Following is my code that currently uses two loops to process an input df over num iterations defined by outer loop and compare against a random sequence of numbers generated inside inner loop.
While the current approach gives me the output correctly, I suspect this could be done in a better way, particularly for cases where number of iterations in outer loop is more than a few million and num columns in df are close to a hundred.
I wanted to know if I might be missing a trick or two, that I can try to implement.
# Input df - index is same length as num iterations for inner loop defined below
# 'cumuluative' column value is used for comparison against random number inside inner loop
# 'units_A' is useful data captured from each iteration of inner loop that is aggregated after exiting inner loop
df_reference = pd.DataFrame(index=np.arange(1,11,1),data={'cumulative':np.arange(0.1,1.1,0.1),'units_A':np.arange(10,101,10)})
# Variable that determines num rows in output df
num_iterations_outer = 20
# Variable that determines number of iterations for inner loop operation
num_iterations_inner = 10
# Create an empty output df that will be updated at end
df_out = pd.DataFrame(columns=['cumulative','units_A'])
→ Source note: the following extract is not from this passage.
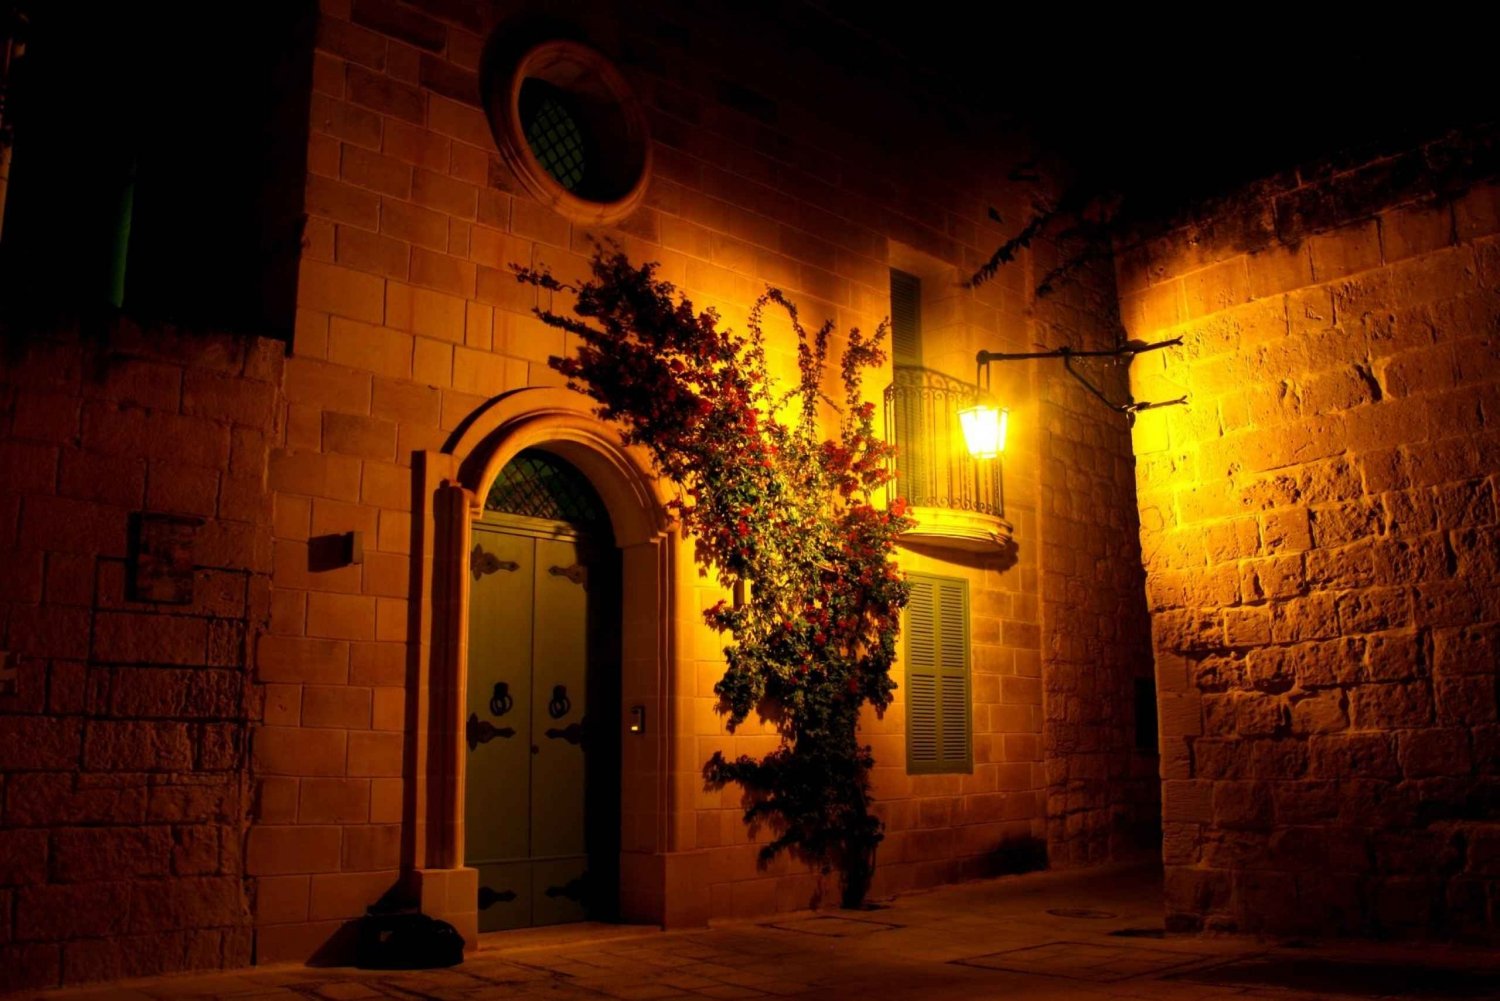 Mdina: Valletta Waterfront Area, Mdina, and Rabat Night Tour

# Using np array for comparison inside loop instead of comparing against column which takes much longer
compare_against_arr = df_reference['cumulative'].values
# Create a list to store df's that will become rows of output df. This is done to store to list and concat once vs. concat each df at a time within loop
output_df_rows_list = []
for outer_iteration_num in np.arange(num_iterations_outer):
#current_cumulative_val = 1
# Rotation num is reset to 1 at the start of every outer interation
current_rotation_num = 1
# Create an empty list to store all rotation_num that are generated from inner loop iteration
rotations_list = []
for inner_iteration_num in np.arange(1,num_iterations_inner+1):
# Get a random number between (0.0,1.0]
comparator = np.random.random()
# Add the current rotation num to the list created before entering inner loop. Use the rotations list to get corresponding units_A after exiting inner loop
rotations_list.append(current_rotation_num)
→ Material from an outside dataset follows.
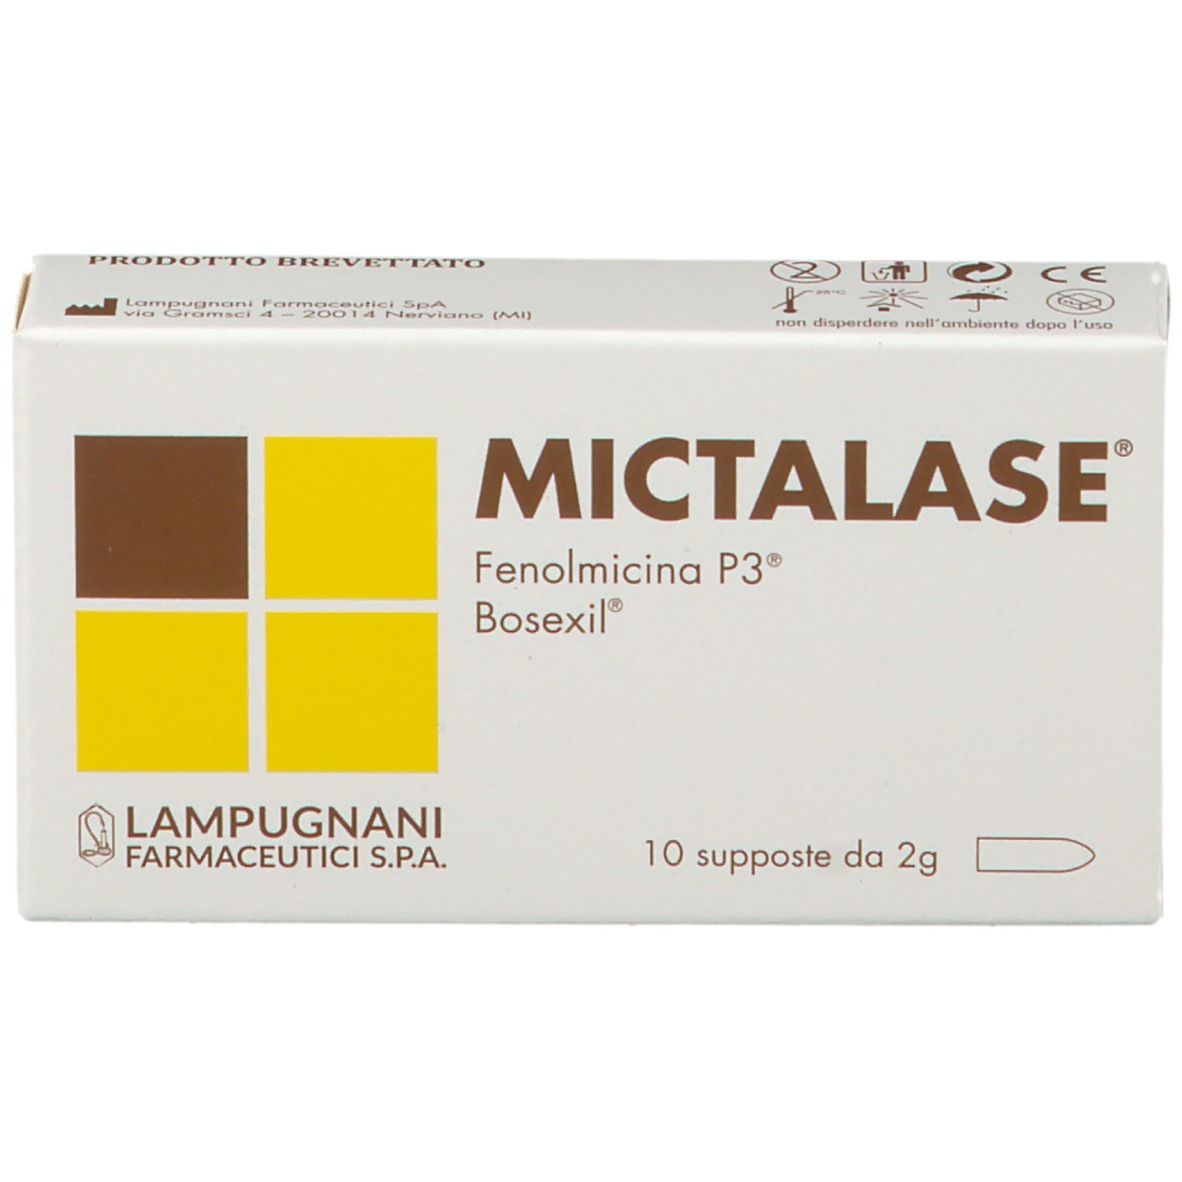 Mictalase®

# Compare random num 'comparator' to cumulative value corresponding to current rotation
if(comparator < compare_against_arr[current_rotation_num]):
# Reset rotation_num back to 1
current_rotation_num = 1
else:
# Increment rotation_num
current_rotation_num += 1
df_units_A_by_rotation = df_reference.reindex(rotations_list)
df_units_A_agg_outer_iter = pd.DataFrame(data=df_units_A_by_rotation.sum()).transpose()
output_df_rows_list.append(df_units_A_agg_outer_iter)
# Output df is created by concatenating all df stored in list that was updated in outer loop above
df_out = pd.concat(output_df_rows_list)
# Reset index so that it matches num_outer_iterations
df_out.index = np.arange(num_iterations_outer)
I appreciate your time, and thank you for taking a look!